OSD: 4.5.13 Description of problem: I ran iperf3 arranging the deployments so that server and client pod were on separate nodes so that a know amount of network traffic was generated (4.95Gbit/s, 618Mi/s). Examining the "USE Method / Node" dashboard and "USE Method / Cluster" I noticed that the Network Utilisation for the Received traffic is twice that expected (1.227Gi/s). The Transmit figures are as expected (611Mi/s). By querying Prometheus directly, I see that instance:node_network_receive_bytes_excluding_lo:rate1m that is reporting a doubled value. instance:node_network_transmit_bytes_excluding_lo:rate1m node_network_receive_bytes_total/node_network_transmit_bytes_total are unaffected. They give figures that tally with the work generated by iperf3. Version-Release number of selected component (if applicable): 4.5.11 / 4.5.13 How reproducible: 100% Steps to Reproduce: 1. Deploy iperf3 server/client (https://github.com/k-wall/iperf3-yamls) 2. Use OpenShift Console to view the Graphana dashboard. Actual results: Received traffic is reported twice the expected value. Expected results: Network utilisation to be reported faithfully. Additional info:
Created attachment 1721546 [details] NetUtilisatiuonUseMethodCluster
Created attachment 1721547 [details] NetUtilisationUseMethodNode
Created attachment 1721548 [details] instance_node_network_receive_bytes_excluding_lo_rate
Created attachment 1721550 [details] iperf-yamls.tar.gz
Can you run the following queries in the Prometheus UI: sum by(device,instance) (rate(node_network_receive_bytes_total{job="node-exporter",instance="xxx",device!="lo"}[1m])) sum by(device,instance) (rate(node_network_transmit_bytes_total{job="node-exporter",node="xxx",device!="lo"}[1m])) That should help to see if there the network traffic is accounted for 2 devices.
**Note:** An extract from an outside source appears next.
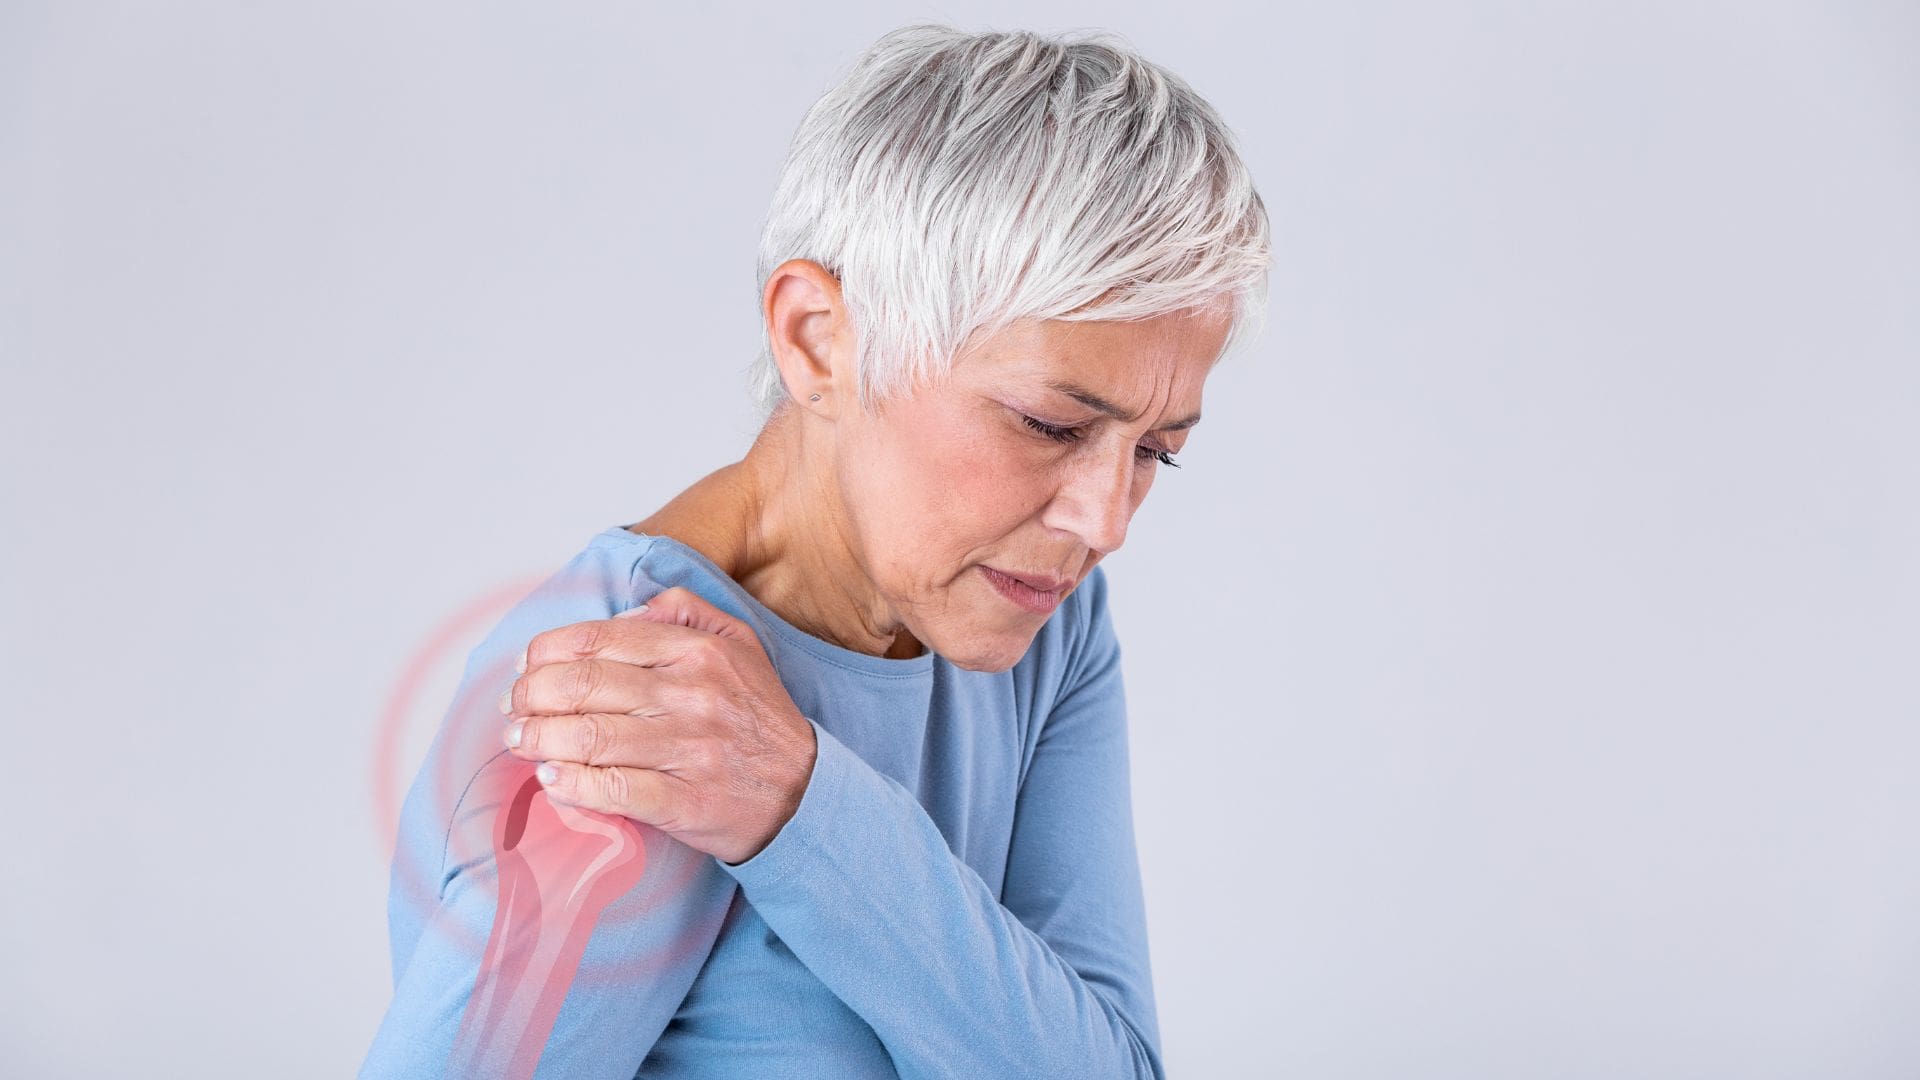 אישה סובלת מכאב בכתף ימין: כתבה על מקור הכאב ומה עליכם לעשות עכשיו

I cleaned up my yamls to reproduce the problem. Use these rather than the zip: https://github.com/k-wall/iperf3-yamls So running with these files, I have: kwall@ovpn-113-108 iperf3-yamls % KUBECONFIG=~/src/mk-performance-tests/kafka-config oc get pod -o wide NAME READY STATUS RESTARTS AGE IP NODE NOMINATED NODE READINESS GATES iperf3-client-6bbd6759f7-fxfl2 1/1 Running 0 8m21s 10.128.2.9 ip-10-0-182-239.ec2.internal <none> <none> iperf3-server-749d7b7468-kwdgb 1/1 Running 0 8m20s 10.128.6.7 ip-10-0-143-179.ec2.internal <none> <none> Producing this work: [ 5] 346.00-347.00 sec 590 MBytes 4.95 Gbits/sec 0 2.41 MBytes [ 5] 347.00-348.00 sec 589 MBytes 4.94 Gbits/sec 0 2.41 MBytes [ 5] 348.00-349.00 sec 589 MBytes 4.94 Gbits/sec 14 2.41 MBytes [ 5] 349.00-350.00 sec 590 MBytes 4.95 Gbits/sec 14 2.41 MBytes [ 5] 350.00-351.00 sec 589 MBytes 4.94 Gbits/sec 0 2.41 MBytes [ 5] 351.00-352.00 sec 590 MBytes 4.95 Gbits/sec 0 2.41 MBytes [ 5] 352.00-353.00 sec 590 MBytes 4.95 Gbits/sec 0 2.41 MBytes [ 5] 353.00-354.00 sec 589 MBytes 4.94 Gbits/sec 0 2.41 MBytes [ 5] 354.00-355.00 sec 590 MBytes 4.95 Gbits/sec 0 2.41 MBytes [ 5] 355.00-356.00 sec 590 MBytes 4.95 Gbits/sec 0 2.41 MBytes [ 5] 356.00-357.00 sec 589 MBytes 4.94 Gbits/sec 0 2.41 MBytes [ 5] 357.00-358.00 sec 590 MBytes 4.95 Gbits/sec 0 2.41 MBytes [ 5] 358.00-359.00 sec 590 MBytes 4.95 Gbits/sec 0 2.41 MBytes [ 5] 359.00-360.00 sec 589 MBytes 4.94 Gbits/sec 0 2.41 MBytes I attach the screenshots of the queries you requested (with the instance being the server pod)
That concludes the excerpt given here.